Visualize the points on the interactive geemap.

In [96]:
# Define a function to set visual properties for each feature
def set_style(feature):
    class_value = ee.Number(feature.get('class'))
    color = ee.String(ee.Dictionary({
        '0': '#DF6149',
        '1': '#FEDC7B',
        '2': '#33576E',
        '3': '#498B6D'
    }).get(class_value.format()))

    return feature.set('style', {
        'color': color,
        'pointSize': ee.Number(2),
        'opacity': ee.Number(0.8)
    })

# Apply styling and add to map
styled_points = reclassified_points.map(set_style)
Map.addLayer(styled_points.style(**{'styleProperty': 'style'}), {}, 'Reclassed Points')

Map

Map(bottom=49063.0, center=[41.781552998900345, -87.42370605468751], controls=(WidgetControl(options=['positio…

### 2.2 Feature Engineering.

For possible use in the model, calculate and add the following spectral indices:

- **NDVI** (Normalized Difference Vegetation Index)
- **NDBI** (Normalized Difference Built-up Index)
- **MNDWI** (Modified Normalized Difference Water Index)

Additionally, add elevation and slope data from a DEM. Normalize all image bands to a 0 to 1 scale for consistent model input.

For bonus points, consider adding [kernel filters](https://google-earth-engine.com/Advanced-Image-Processing/Neighborhood-based-Image-Transformation/) (e.g., edge detection, smoothing) to see if they improve model performance.


## 3. Model Training and Evaluation

### 3.1 Model Training

Split your data into a training dataset (70%) and a validation dataset (30%). Train and evaluate a random forest model using the training set with all engineered features.

After training, analyze [variable importance scores](https://stackoverflow.com/questions/74519767/interpreting-variable-importance-from-random-forest-in-gee) to justify each feature's inclusion. Identify which features are most influential in the classification. Report the final features that you keep in your model.

In [45]:
# Use these bands for prediction.
bands = ["SR_B1", "SR_B2", "SR_B3", "SR_B4", "SR_B5", "SR_B6", "SR_B7"]

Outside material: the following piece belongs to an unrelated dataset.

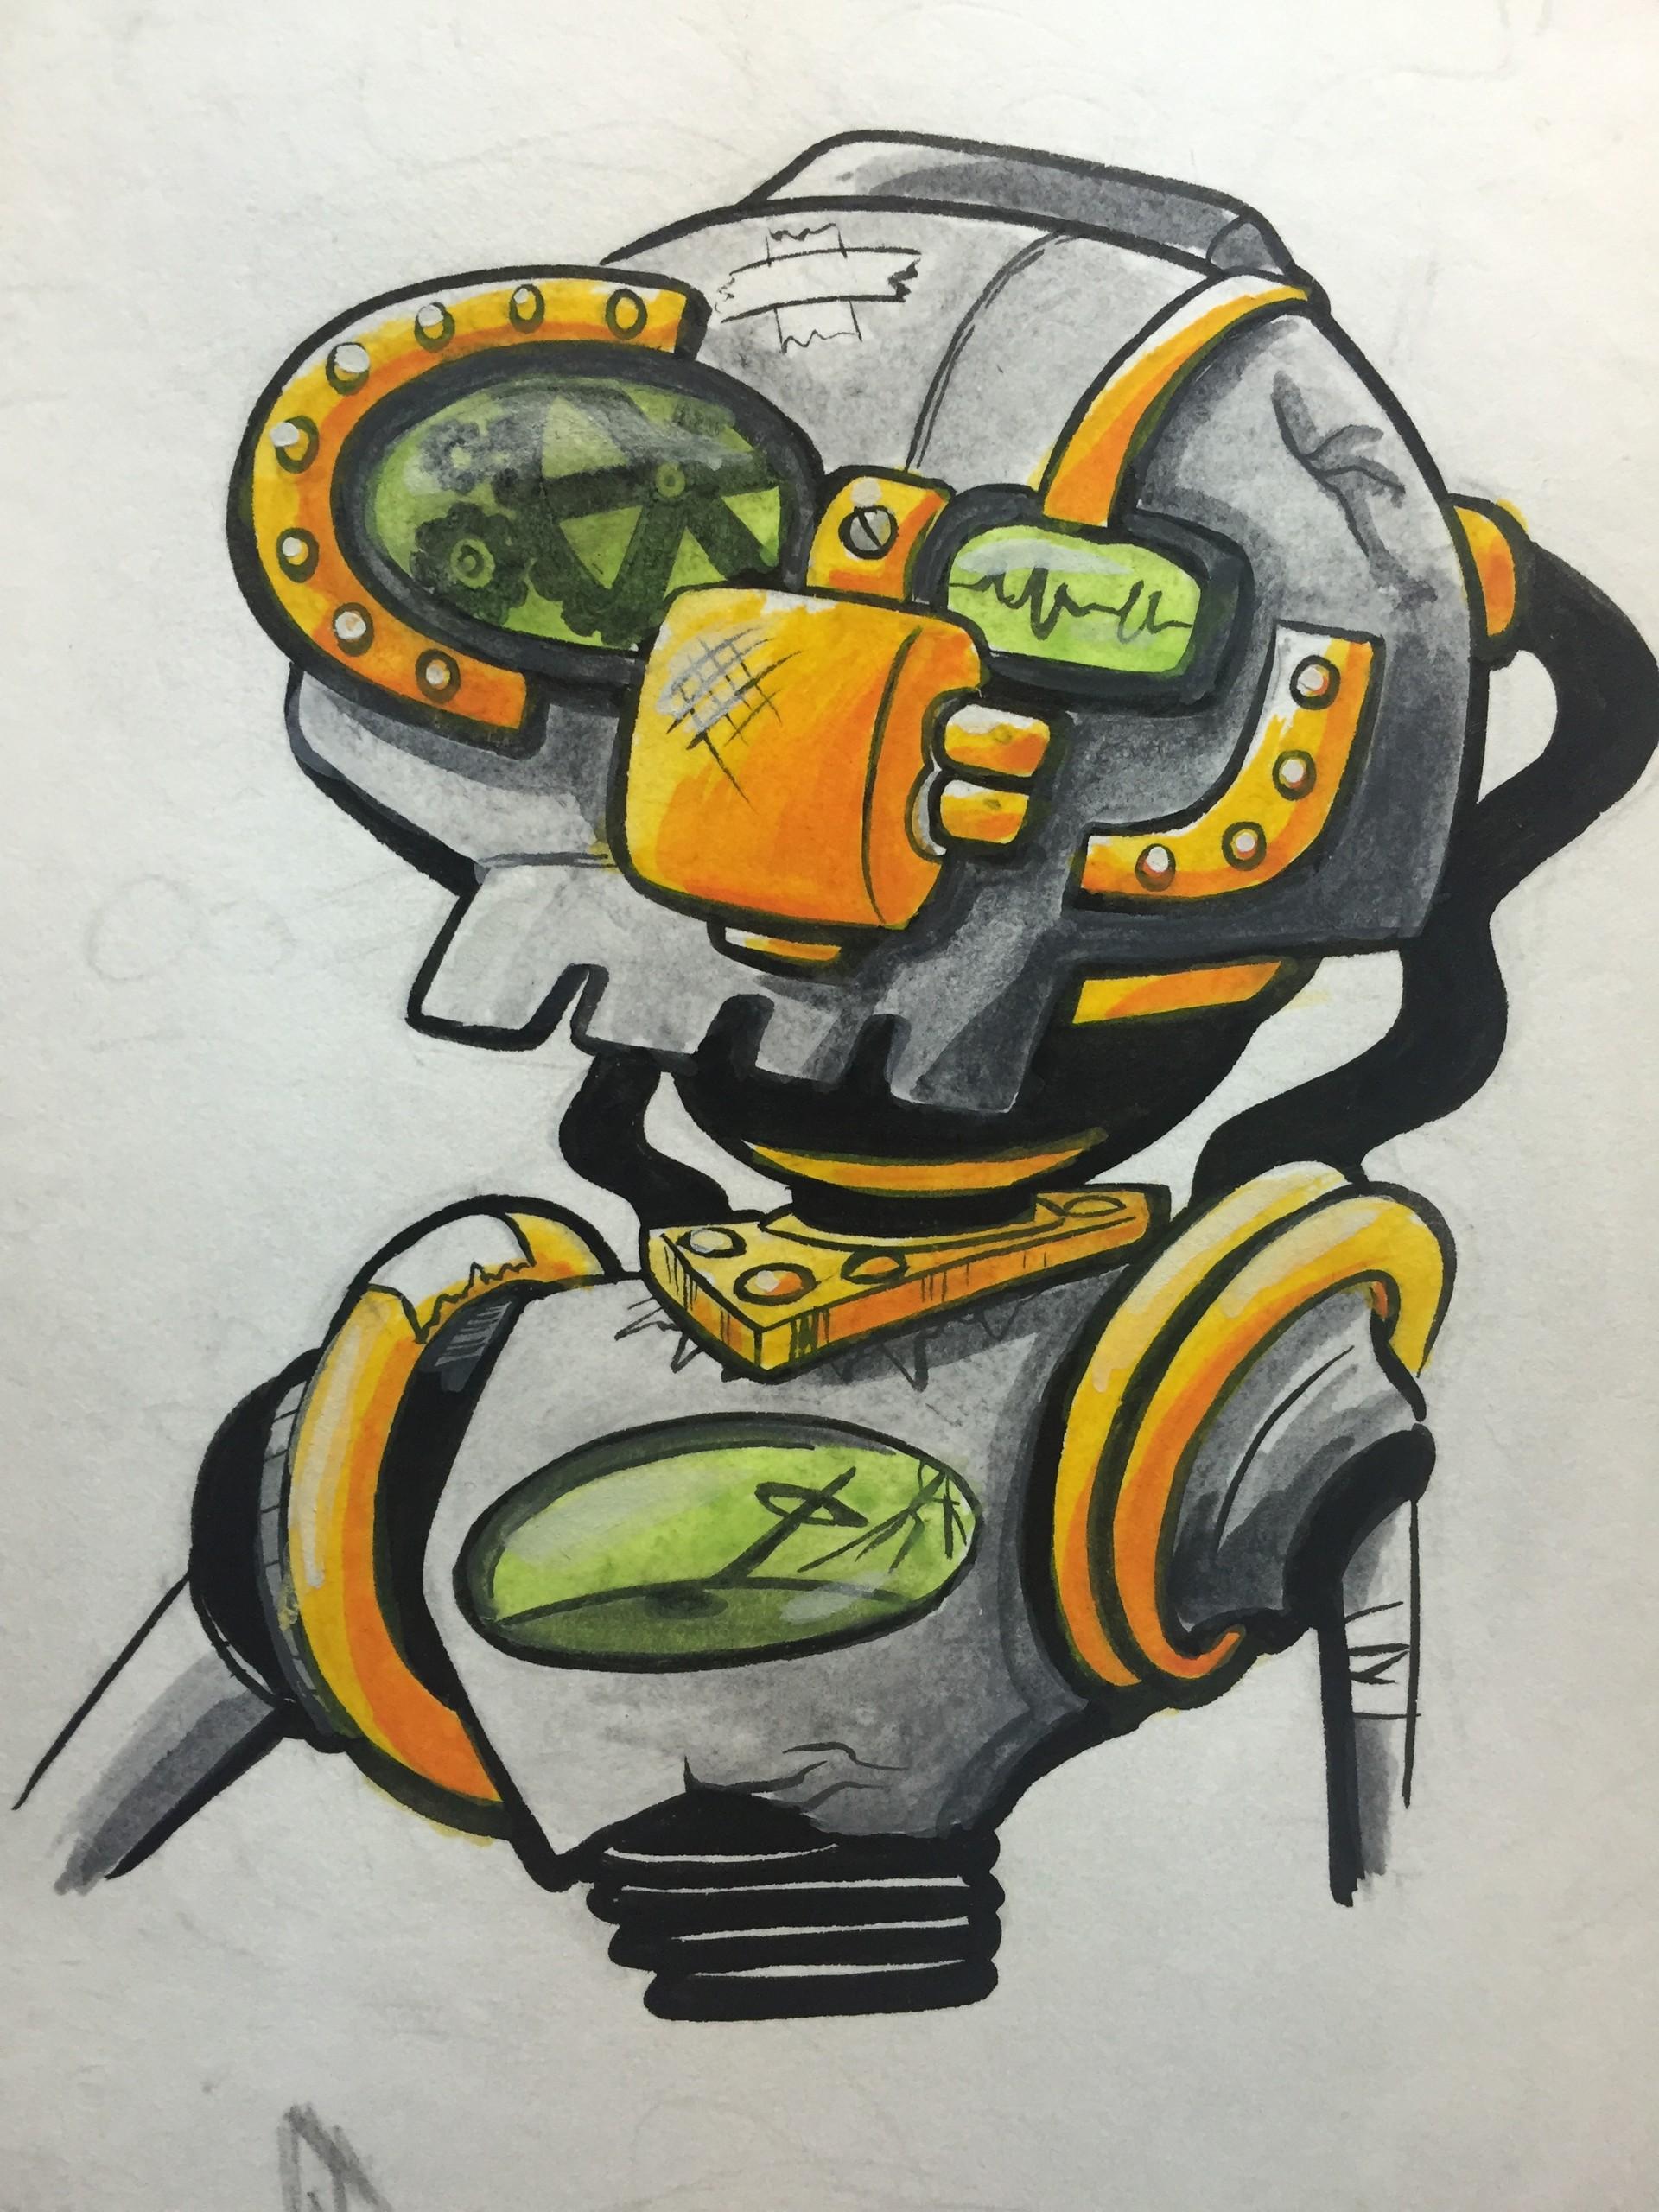 Jake stueber grimy robot bust

# This property of the table stores the land cover labels.
label = "landcover"

# Overlay the points on the imagery to get training.
training = image.select(bands).sampleRegions(
    **{"collection": points, "properties": [label], "scale": 30}
)

# Train a CART classifier with default parameters.
trained = ee.Classifier.libsvm().train(training, label, bands)

In [46]:
print(training.first().getInfo())

{'type': 'Feature', 'geometry': None, 'id': '0_0', 'properties': {'SR_B1': 8008, 'SR_B2': 8255, 'SR_B3': 9278, 'SR_B4': 8662, 'SR_B5': 21390, 'SR_B6': 13542, 'SR_B7': 10215, 'landcover': 82}}


In [None]:
# Classify the image with the same bands used for training.
result = image.select(bands).classify(trained)

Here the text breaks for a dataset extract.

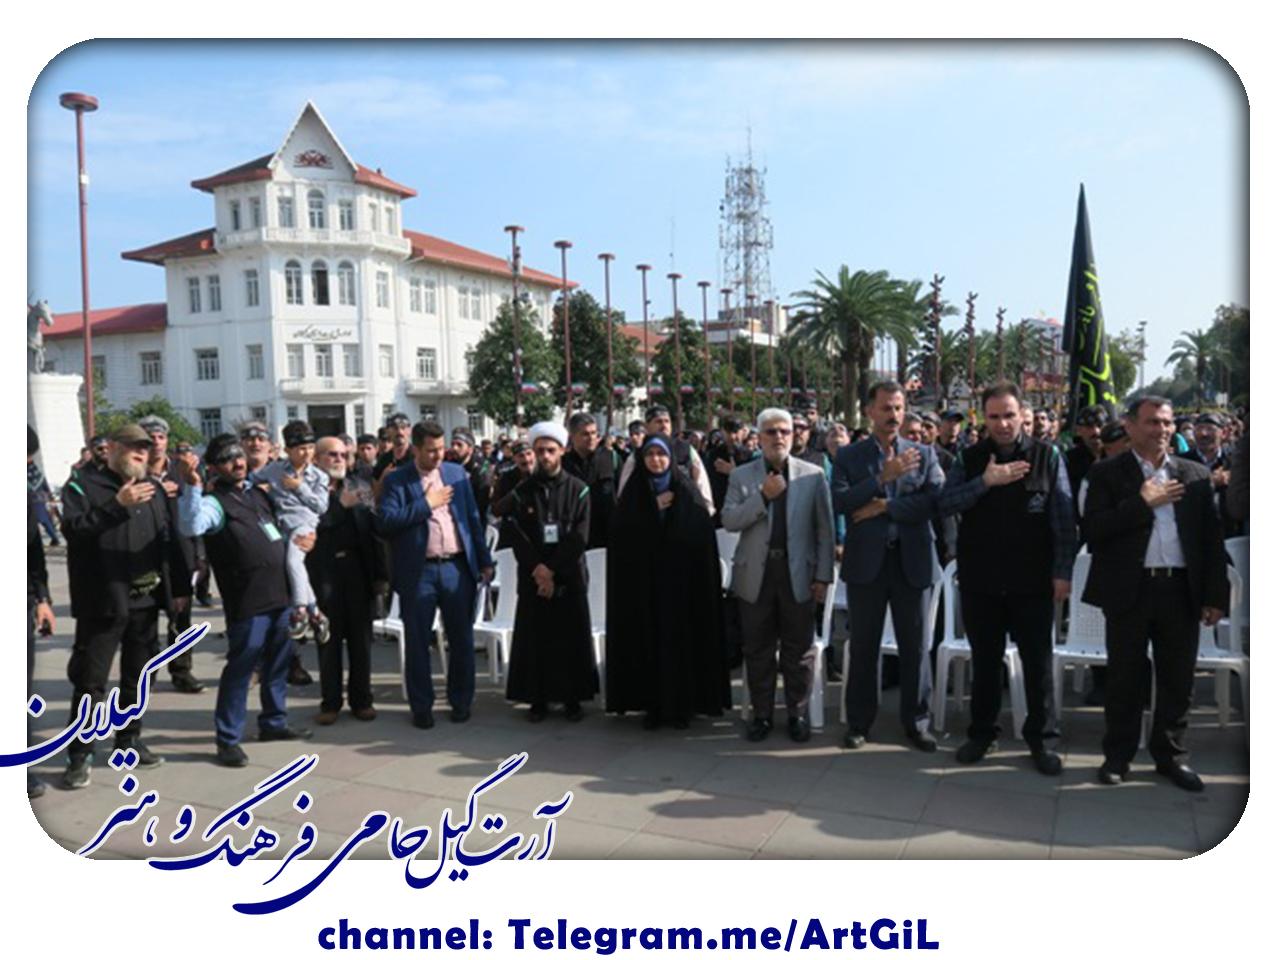 گزارش تصویری مراسم بدرقه خادمین زائرین ابا عبدالله الحسین (ع) در ایام اربعین حسینی در کربلای معلی (کاروان خدام العتره)

# # Display the clusters with random colors.
Map.addLayer(result, {}, "classified")
Map

In [49]:
class_values = nlcd.get("landcover_class_values").getInfo()
class_values

[11,
 12,
 21,
 22,
 23,
 24,
 31,
 41,
 42,
 43,
 51,
 52,
 71,
 72,
 73,
 74,
 81,
 82,
 90,
 95]

In [50]:
class_palette = nlcd.get("landcover_class_palette").getInfo()
class_palette

['476ba1',
 'd1defa',
 'decaca',
 'd99482',
 'ee0000',
 'ab0000',
 'b3aea3',
 '68ab63',
 '1c6330',
 'b5ca8f',
 'a68c30',
 'ccba7d',
 'e3e3c2',
 'caca78',
 '99c247',
 '78ae94',
 'dcd93d',
 'ab7028',
 'bad9eb',
 '70a3ba']

In [51]:
landcover = result.set("classification_class_values", class_values)
landcover = landcover.set("classification_class_palette", class_palette)

In [55]:
Map.addLayer(landcover, {}, "Land cover")

In [53]:
print("Change layer opacity:")
cluster_layer = Map.layers[-1]
cluster_layer.interact(opacity=(0, 1, 0.1))

Change layer opacity:


Box(children=(FloatSlider(value=1.0, description='opacity', max=1.0),))

In [None]:
Map.add_legend(builtin_legend="NLCD")
Map

### 3.2 Accuracy Assessment

Use the trained model to classify the Landsat 8 image, creating a land cover classification map with classes for urban, bare, water, and vegetation (or whatever classes you have chosen).

Using the validation data, generate a confusion matrix and calculate the overall accuracy, precision, and recall. Which classes were confused most often with each other? Why do you think this was?

Visually compare your landcover data for your ROI with the corresponding [landcover data from the European Space Agency](https://developers.google.com/earth-engine/datasets/catalog/ESA_WorldCover_v200). Do your classifications agree? If not, do you notice any patterns in the types of landcover where they differ, or any particular features in the imagery that are hard for your model to recognize (e.g., sand, water, or asphalt)?

Export the classified image as a GeoTIFF and the confusion matrix and accuracy metrics to a CSV file for documentation.

## 4. Reflection Questions

What limitations did you run into when completing this assignment? What might you do differently if you repeated it, or what might you change if you had more time and/or resources?

What was the impact of feature engineering? Which layers most contributed to the model? Did you expect this? Why or why not?

Did you find it difficult to create the training data by hand? Did you notice any issues with class imbalance? If so, how might you resolve this in the future (hint: consider a different sampling technique).

Did your model perform better on one class than another? Why? Can you think of a reason that this might be good or bad depending on the context?